Chairman, Presidential Advisory Committee on the Elimination of Drug Abuse (PASEDA), Brig.- Gen. Buba Marwa (rtd), issued the warning yesterday during a stakeholders meeting at the Murtala Muhammed International Airport, Lagos.
Marwa said preliminary investigations had revealed that some innocent passengers have had luggage that does not belong to them tagged by airlines in their names leading to their arrest by security agencies on arrival at their destinations.
He said: “What I said is real that some airline staff and some persons collude to check in and tag passengers name on baggage that they are unaware of and does not belong to them.
“We have a recent incident at the Kano Airport where a passenger was arrested in Saudi Arabia and he denied ownership of the bag.
“Through the Closed Circuit Television Camera at the Kano airport, the National Drug Law Enforcement Agency (NDLEA) officials discovered that he was innocent as the bag was checked in and tagged in his name by an airline staff.
“Henceforth, such airlines will be penalised once we discover that such a thing happened on their flight.”

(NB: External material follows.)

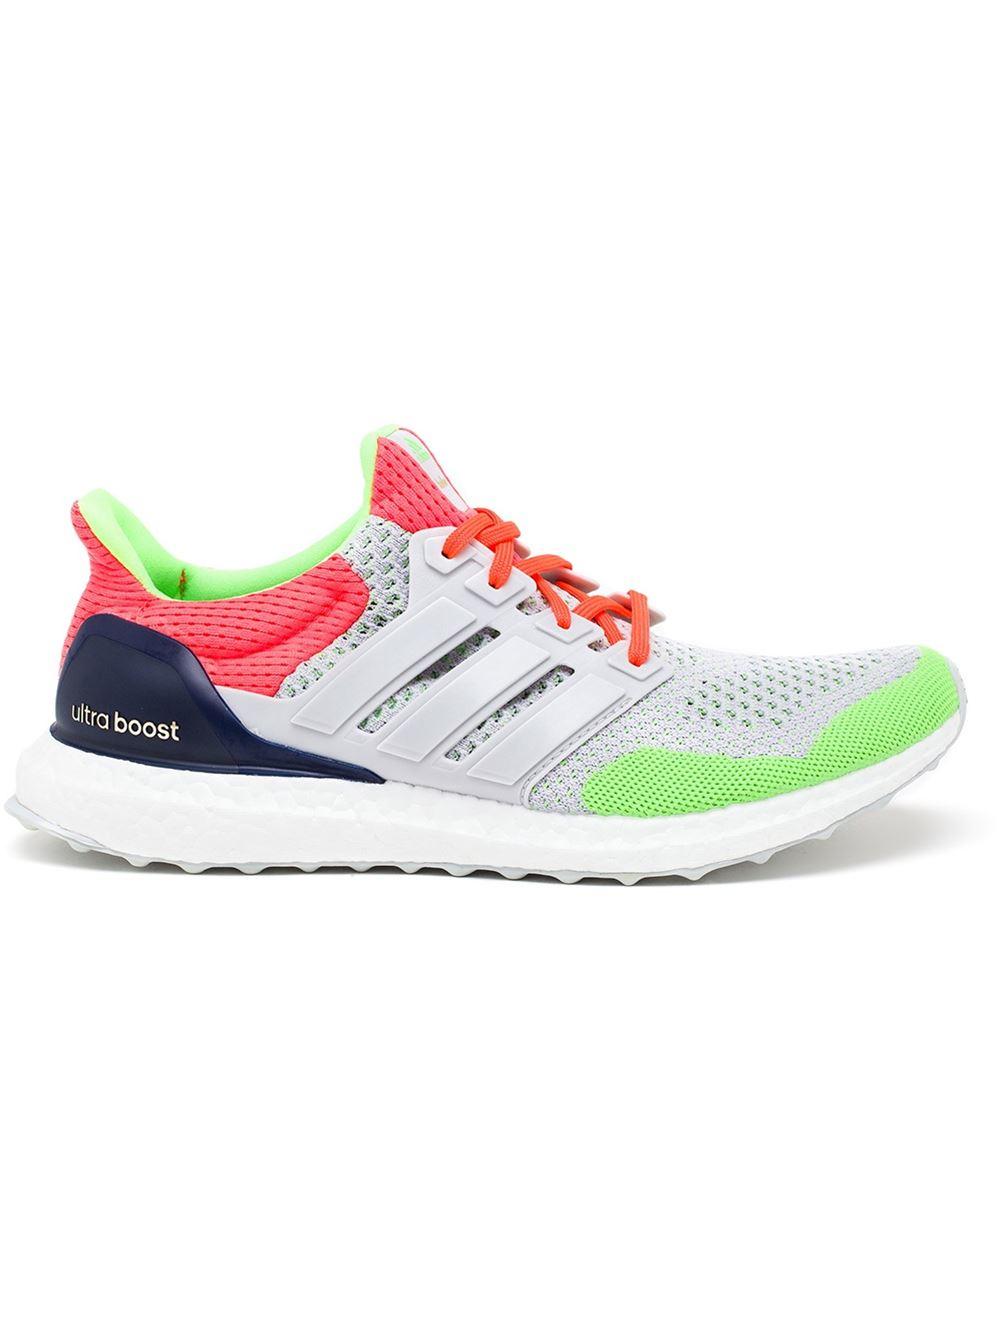 Adidas Originals Adidas By Kolor Ultra Boost Sneakers

According to him, the move is necessitated by the high number of Nigerians languishing in foreign jails as well as the recent execution of a Nigerian woman for drug trafficking in Saudi Arabia.
Marwa said the committee was inaugurated by President Muhammadu Buhari to bring up recommendations that were implementable and sustainable for government to implement towards addressing the scourge of drug abuse in Nigeria.
He said though the drug abuse crisis was a huge challenge, it was however surmountable especially with the right political will being demonstrated by the present administration in bringing it to an end.
Marwa commended the various security agencies at the MMIA for their vigilance in preventing the importation and exportation of drugs by traffickers.